Я отрицательно помотал головой.
– Зачем тогда везти, деньги тратить? – зашипела она. – Своих девать некуда. Помнится, как перчатки меняли. Недели две после отъезда продолжали приходить, про вас спрашивать.
– Преувеличиваешь, – неловко ухмыльнулся было я. – Сюда много не водил.
– Тех, кого тащил, все наши были, – толкнула крутым боком Лена. – Цветы даже притаскивали. Располагайтесь. Комната у вас самая лучшая.
Через час мы купались в море. Это правда, что все приедается. Но чистый воздух, прозрачная вода, много солнца – вряд ли. Возвращались еле живые. Когда шли вдоль обсаженной пальмами с кустарниками дороги, подружка вновь вздрогнула от автомобильного сигнала. Я постарался не показывать вида. Странное беспокойство любовницы повторилось на второй, и на третий день.

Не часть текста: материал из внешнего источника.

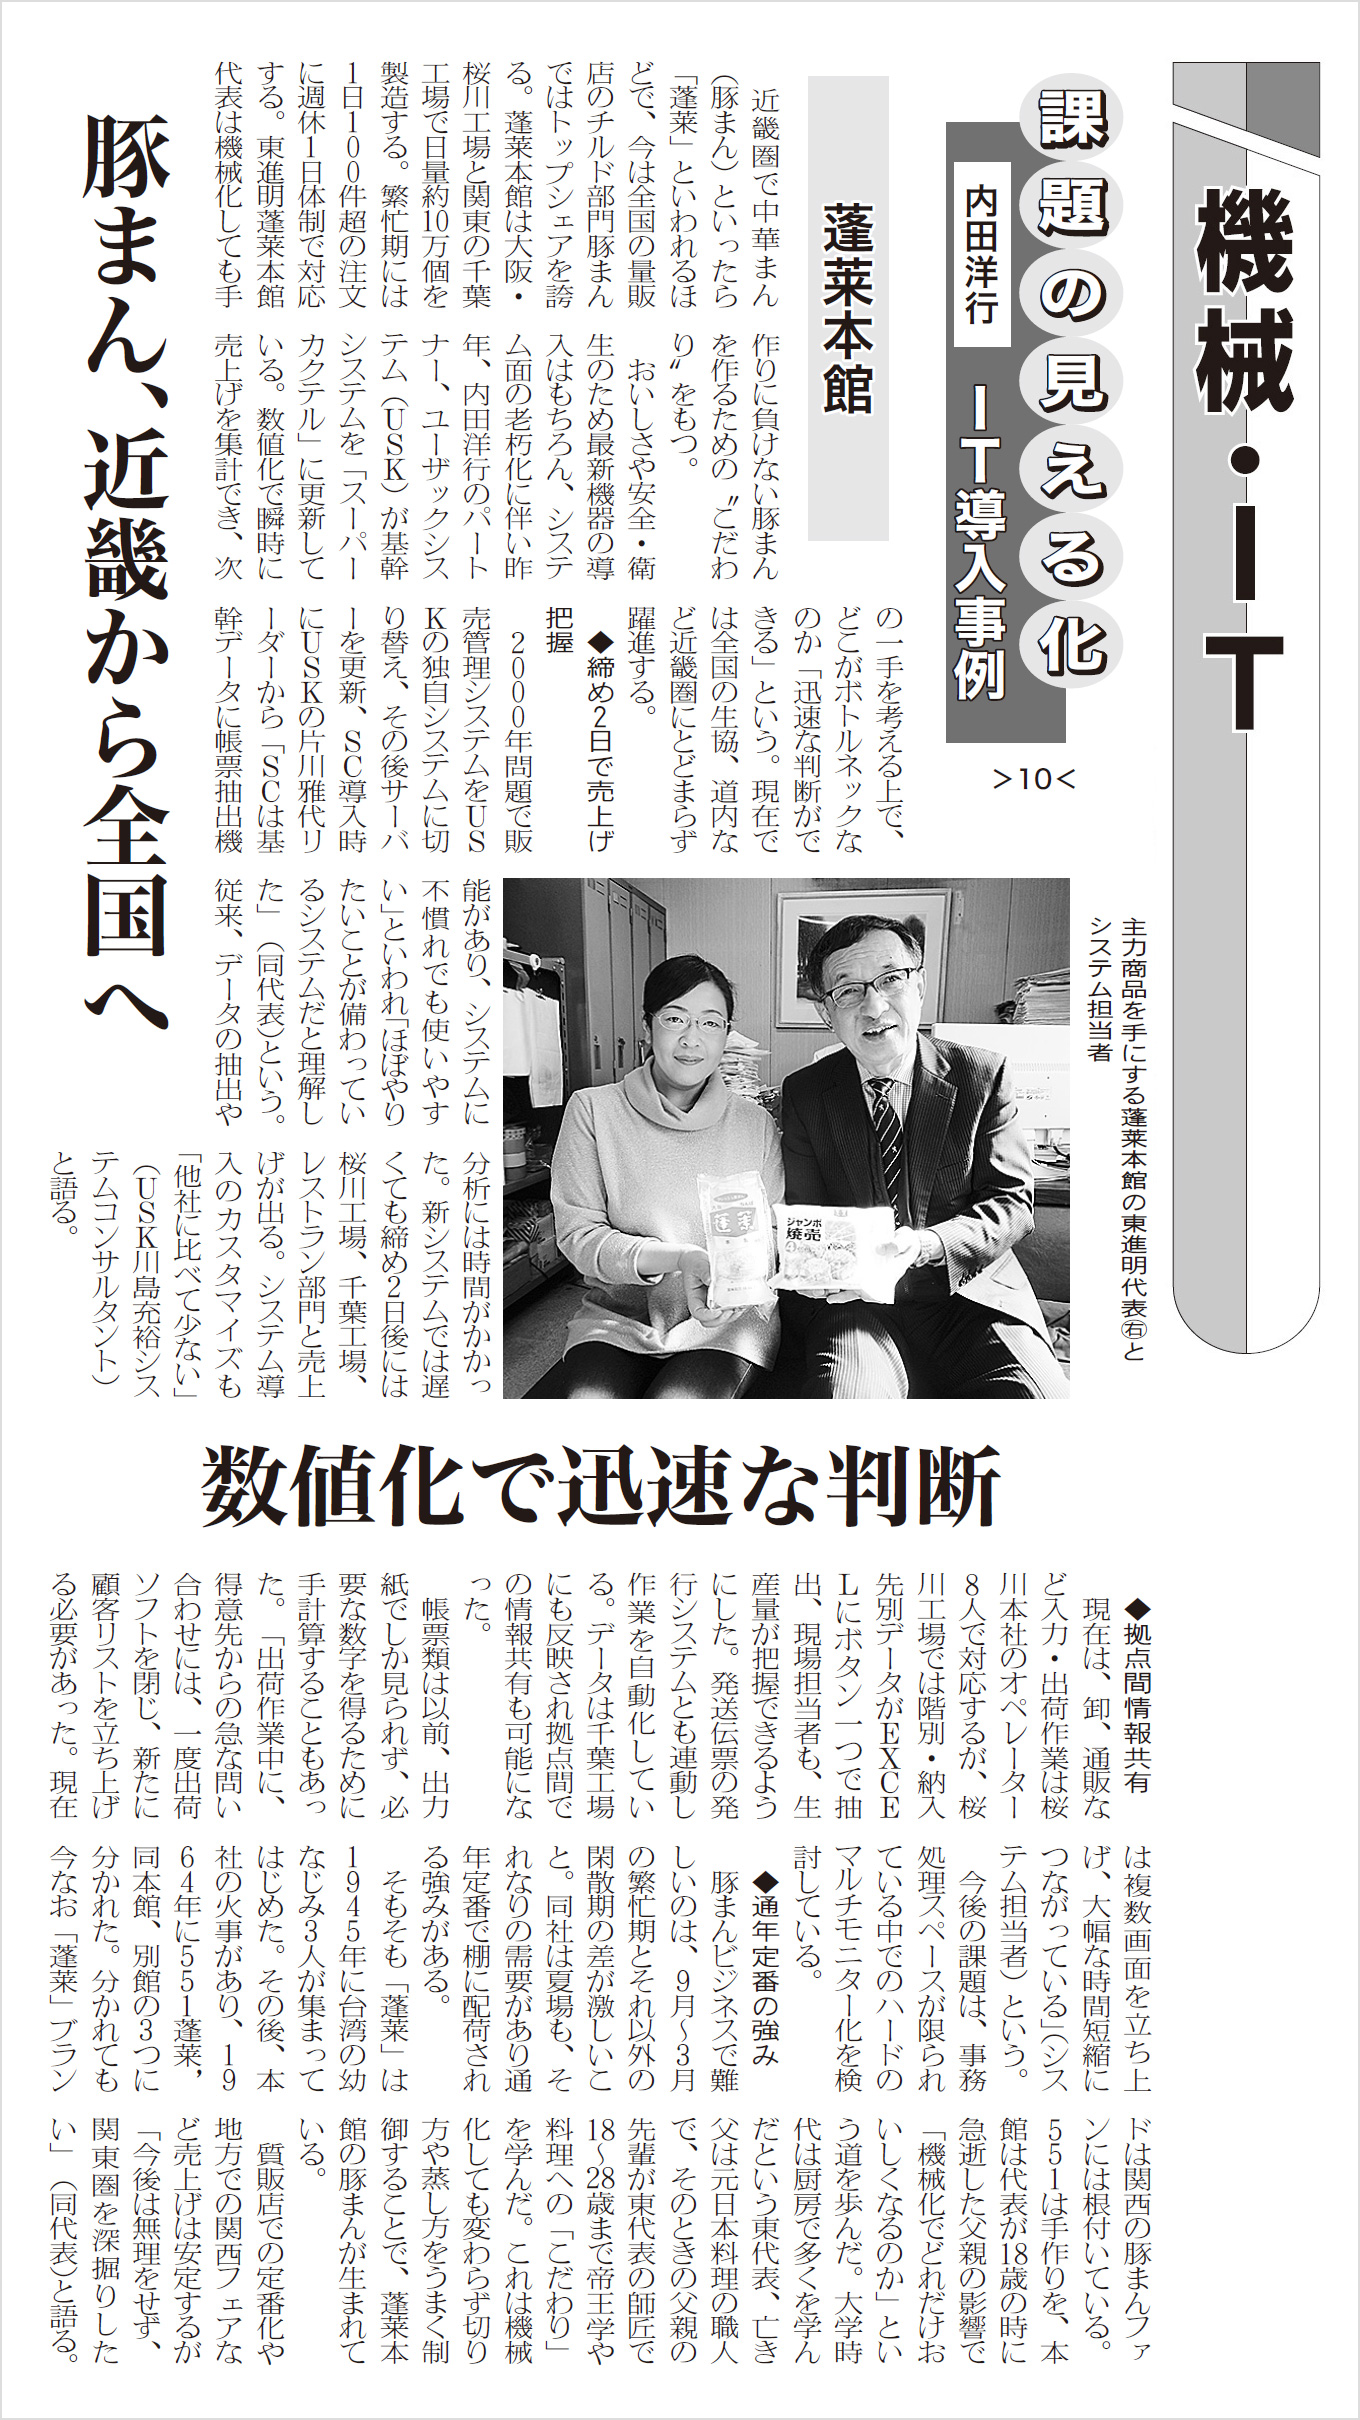 日本食糧新聞 2 19版 に 株式会社蓬莱本館様の基幹システム導入事例の記事が掲載されました 情報システム分野 内田洋行

– Где находится дача бывшего твоего мужчины? – Не удержался я от вопроса. – Так напряженно себя ведешь.
– Нервы, наверное. Особняк он построил не в Лазаревском, – пожала плечами Татьяна. – Но здесь мы бывали периодически. За продуктами, он по своим делам.
– Может заглянуть и сейчас? Надумает побибикать, если заметит?
– У него не заржавеет. Он связан с лазаревской конторой по проводке и ремонту газового оборудования.
– А если рядом будет сидеть новая любовь?
– Все равно напомнит. Под любимого лепил. Первые полгода едва не умерла от разлуки. Мать с подругой откачали. Теперь легче.
– Мать продала тебя за кусок хлеба, за то, что набивал продуктами ваш холодильник. Она была в курсе, что он женатый…
– Не трогай моих родственников.
– Представь, катит один, и вдруг мы. Позовет с собой. Согласишься?
– Не думала… Ты же не испарился.
Я шел молча, не в силах сообразить, что делать дальше. Все изгадили. По Ростову не прогуляешься, чтобы не вздрогнула от сигнала пусть не «мерса» господина, но похожего звука. Я давно понял, если возьму в жены подругу неприметную, жизнь заладится. Но мне простушки были не надобны… «Плодитесь и размножайтесь.» – тоже.
– Зачем поехала в Лазаревское? В единственную вотчину, в которую я стремился с нетерпением. Почему решила отобрать и этот кусок придуманного мною счастья?
– Я предупреждала, что все равно, где провести отпуск. Ты позвал сюда сам…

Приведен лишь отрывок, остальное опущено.